Research last year by VisitBritain found 33 per cent of those visiting the UK for work from outside Europe extended their stay beyond the business purpose, compared to 12 per cent from within Europe.
One of the factors was when there was a visa requirement, it made sense to capitalise on a business trip by adding a leisure element.
While negotiations are still at a sensitive stage, the Department for Exiting the European Union (DExEU) says it is committed to agreeing a “reciprocal labour mobility framework” and a “comprehensive deal on air services”.
“Business travel is of vital economic importance both for the UK and the EU, and it is mutually beneficial for this to remain as frictionless as possible after Brexit,” DExEU says.
Business travel vitally important for UK economy
The UK’s business travel spend grew 7 per cent to almost £39 billion in 2016, according to latest GBTA research and Carlson Wagonlit Travel UK and Ireland country director Johan Wilson believes any impacts will be operationally, rather than on growth.
Indeed, the top five UK travel management companies, which include CWT, Amex, HRG, FCM and BCD Travel, saw their combined UK sales grow 6.6 per cent from £4.348 billion in 2016 to £4.635 billion in 2017.
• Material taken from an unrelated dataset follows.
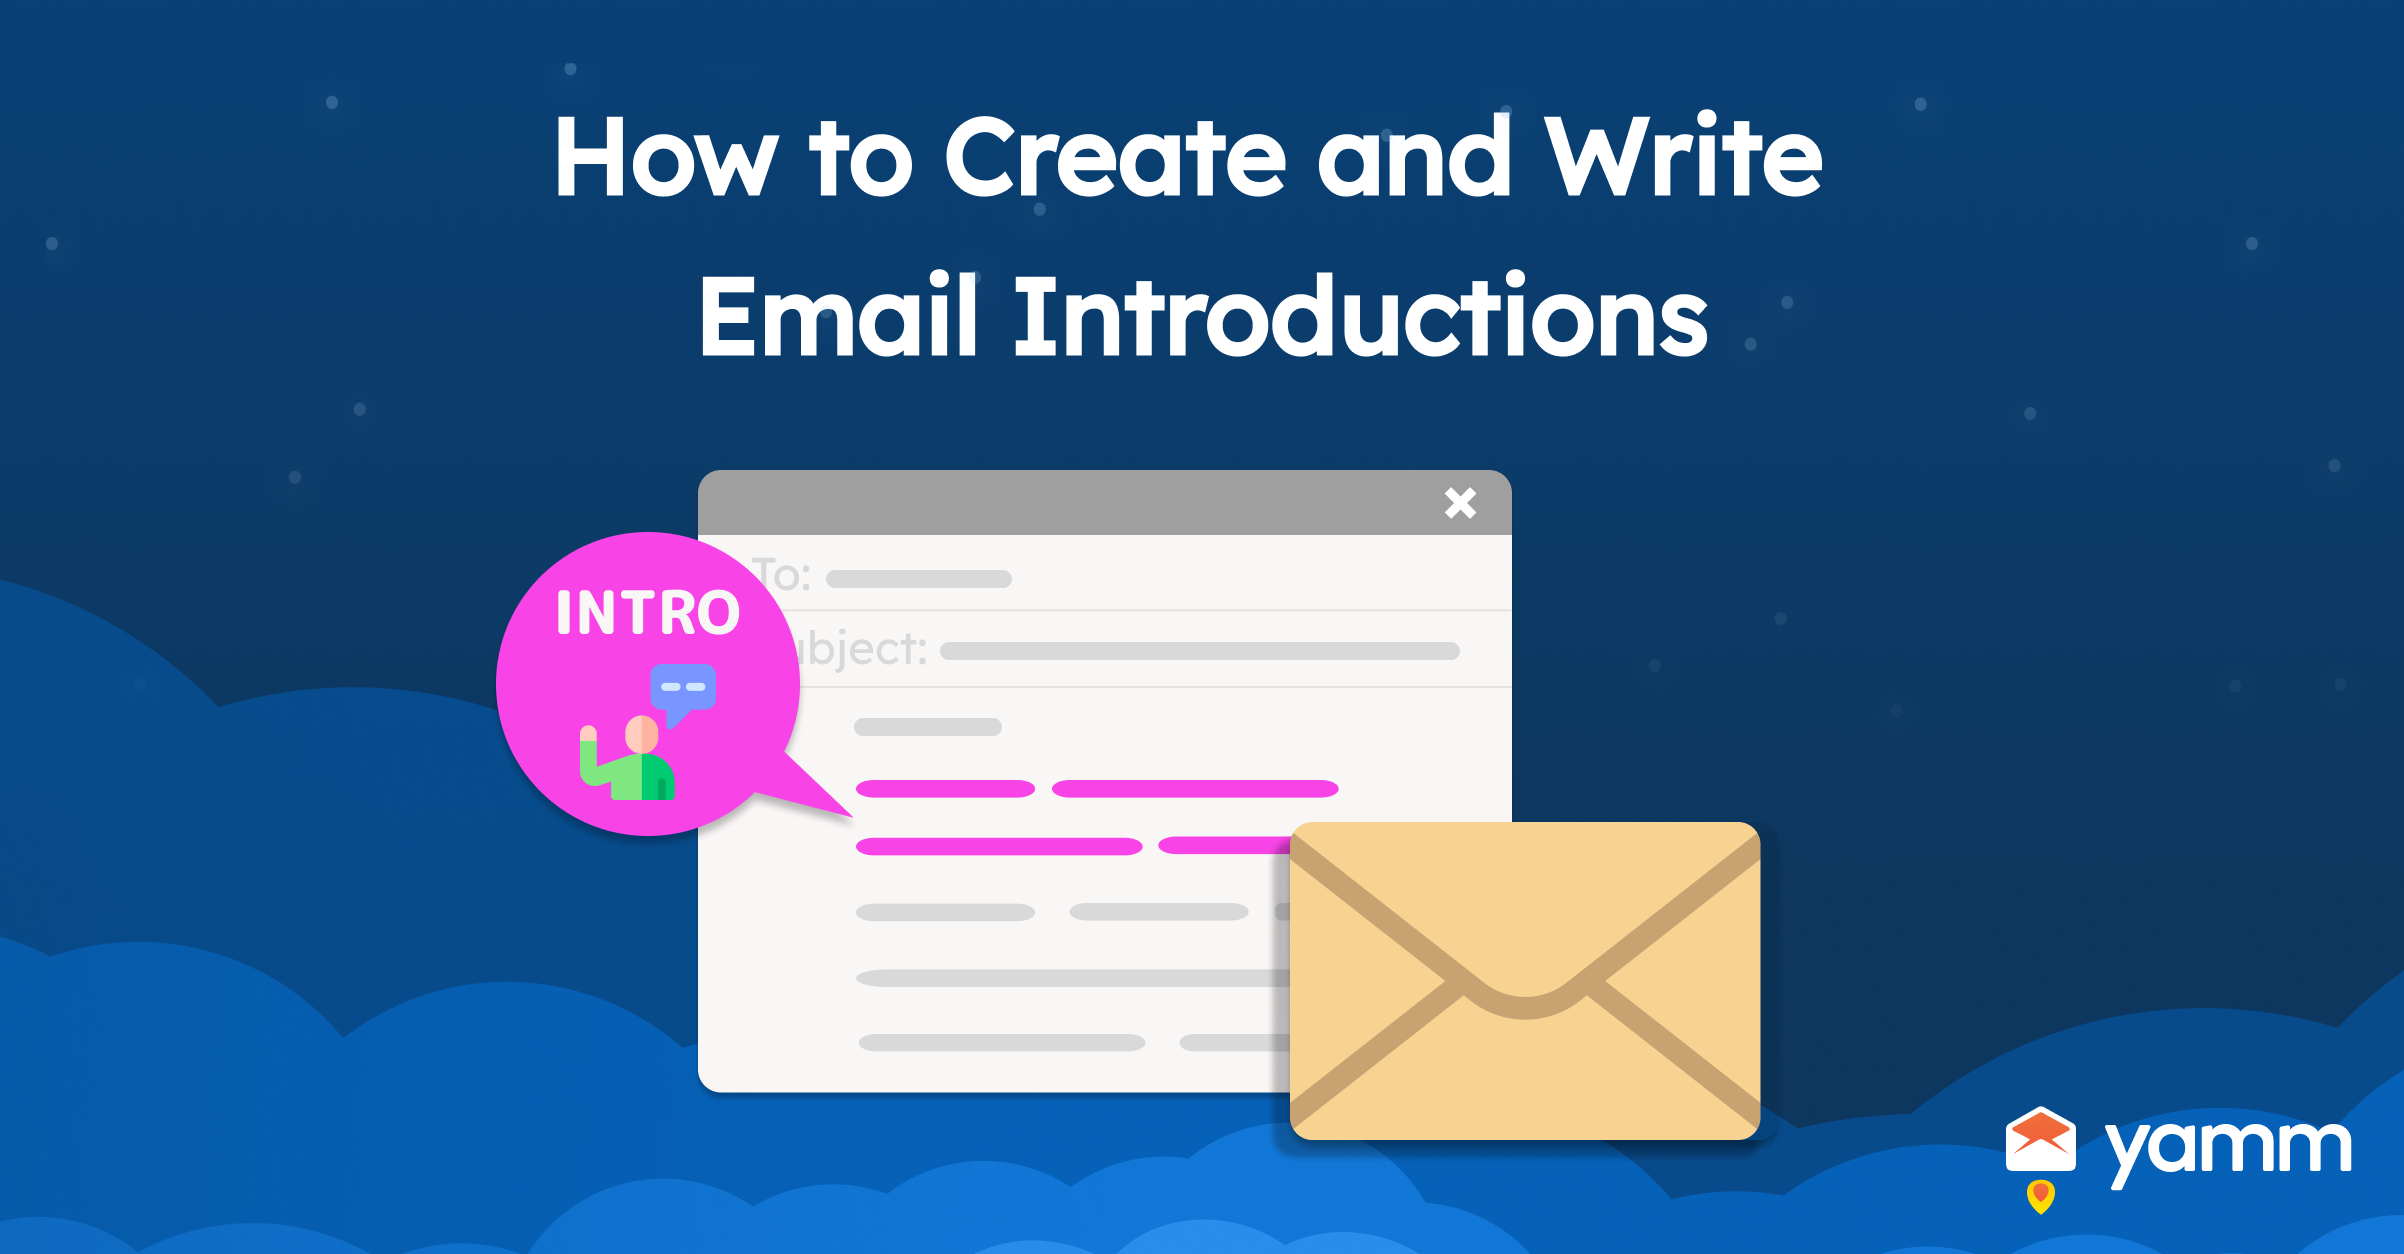 How to Create and Write Email Introductions

“Business travel is going to happen anyway and the world will not end with Brexit,” says Mr Wilson. “The question is how much more cumbersome that will be.”
Business travel is going to happen anyway and the world will not end with Brexit
Deloitte risk advisory director Bob Judson says Brexit is a “business risk like any other and it can be planned for and managed”, but adds the outlook for the aviation sector is unclear.
“Key issues such as ongoing membership of the European Aviation Safety Authority remain in flux,” he points out.
A lack of agreement on aviation, including flying rights with the EU and other countries, could have multiple implications, including duplication of safety certification, disruption to the framework for aircraft flying between markets, tariff-related costs on airport and airline supply chains, and cost and time to change technology systems, says Mr Judson.
Brexit knocked UK off top spot for European business travel
While in 2017 the UK was the top destination for European business travel, according to BCD Travel’s Cities and Trends report, a recent survey by Reuters revealed 76 financial services companies with UK operations have plans to relocate staff or restructure their business post-Brexit.
Business Visits and Events Partnership vice chair Simon Hughes adds the organisation has anecdotal reports of major European congresses considering moving their large-scale conferences out of the UK to mainland Europe.
But despite predictions of a mass migration to the EU in preparation for Brexit, many companies are holding steady, with big hitter Google committing to a £1-billion London super headquarters and Bloomberg opening its own £1-billion European HQ in the capital last year.
“For many companies, it is business as usual, but now the challenge is in making sure that government recognises Brexit could also be an opportunity to make significant changes to areas such as air passenger duty that currently limit the UK’s competitiveness,” says Mr Hughes.